Государь быстро шел по коридору в сопровождении опришников. Отроки окружили самодержца плотным кольцом — эдакая черная стена, которую не прошибить даже пушечными ядрами.
Дворец все более наполнялся женским визгом, напоминая скоморошный балаган. Трещала ткань, слышались грубые окрики, а прямо перед государем в комнату метнулась девка в одной сорочке, за которой разгоряченными рысаками бежали два дюжих опришника. Иван Васильевич любовно посматривал на своих дружинников, которые словно похотливые жеребцы забрели в стойла к кобылам.
Малюта распахнул перед самодержцем дверь, и Иван ступил в комнату. Через зашторенные окна слабо пробивался свет, в горнице царил полумрак; в дальнем углу стояла высокая кровать, на которой под толстым одеялом лежала Евдокия Висковатая.

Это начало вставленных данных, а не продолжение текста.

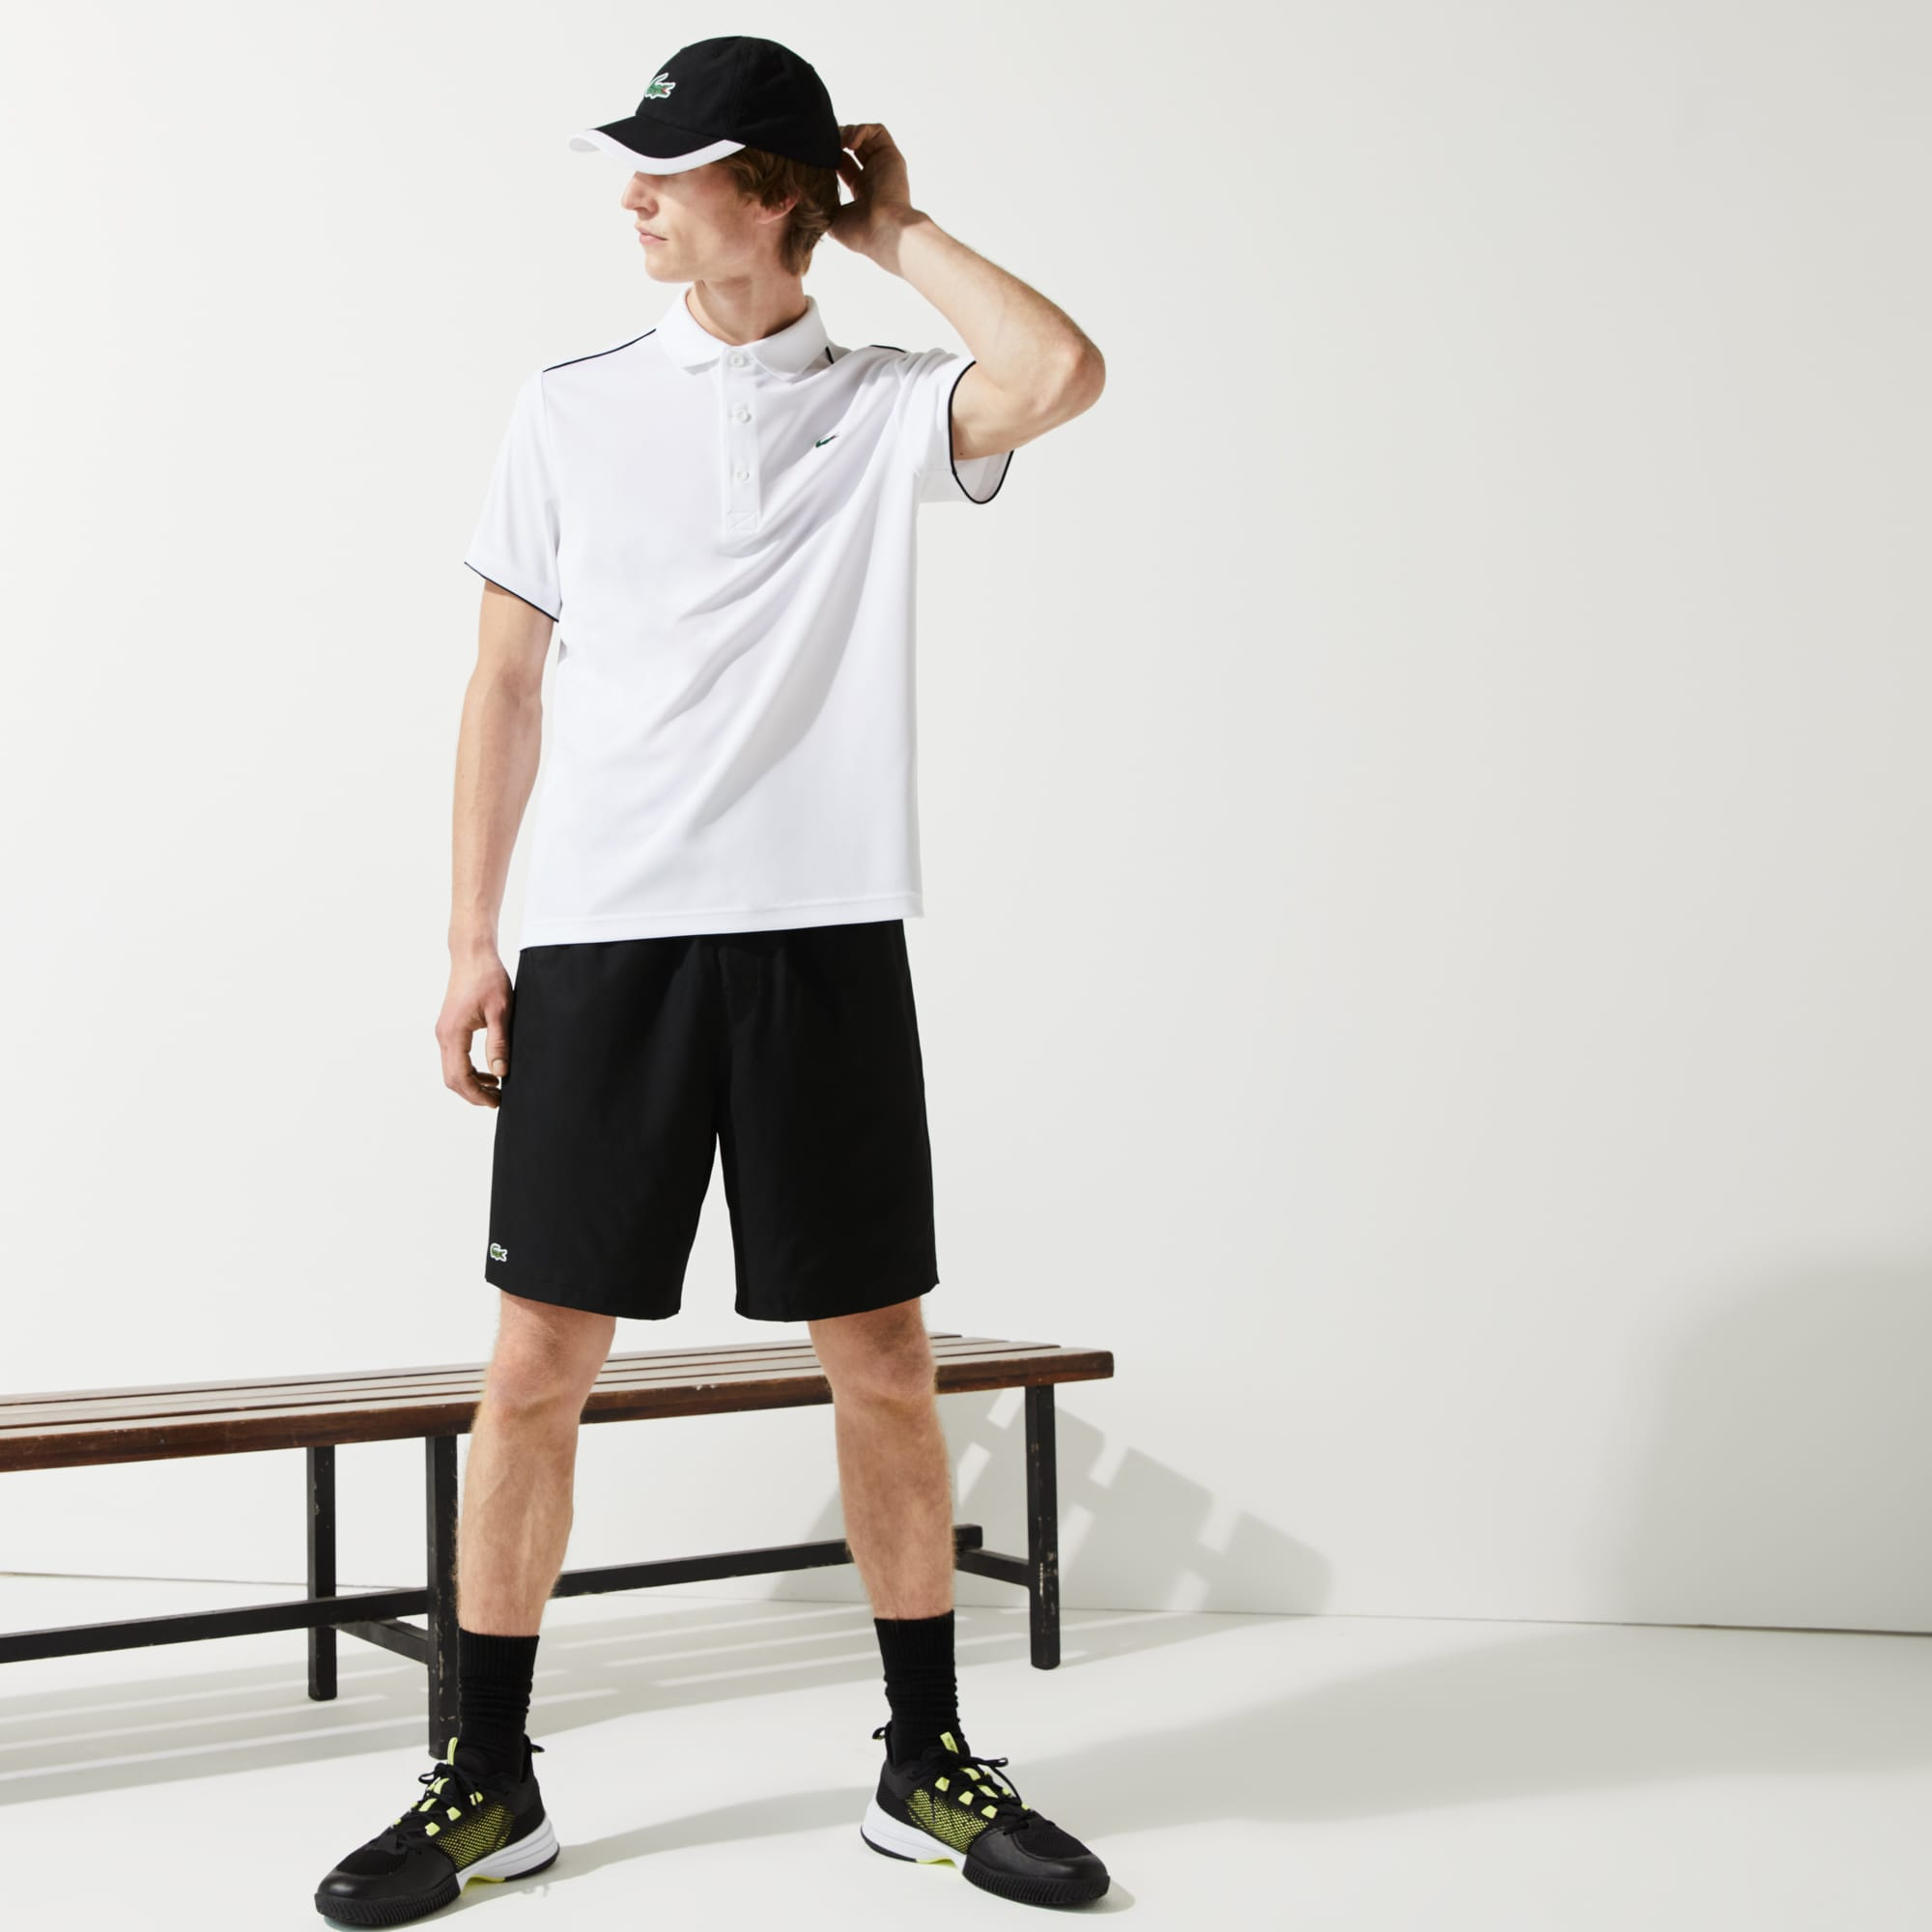 a0551789e468c Lacoste Men s Sport Tennis Shorts In Black

— Вот и душегуб мой явился… Сначала мужа моего порешил, а теперь и по мою душу пришел, — слабым голосом произнесла женщина.
— Что ты ропщешь, баба! Царь перед тобой! — пытался усмирить женщину Малюта.
— Дьявол это, а не царь!
— Остра ты на язык, Евдокия, только твоя душа мне не нужна. Ты и так скоро преставишься.
— Зачем явился?!
— За казной я своей пришел, что твой муженек у меня пограбил.
Евдокия и вправду была худа. Лицо пожухлое и желтое, словно осенний лист. Некогда полные щеки изрезаны тоненькими морщинами, через которые испарялась недавняя свежесть.
Губы мумии слегка дрогнули:
— Поищи… может, найдешь.
— Где казна?.. Где, спрашиваю?!
Евдокия молчала.
— Разговаривать не желаешь… Пусть плеть испробует, — распорядился Иван Васильевич, — и стегать до тех пор, пока не укажет, где казну укрыл ее муженек.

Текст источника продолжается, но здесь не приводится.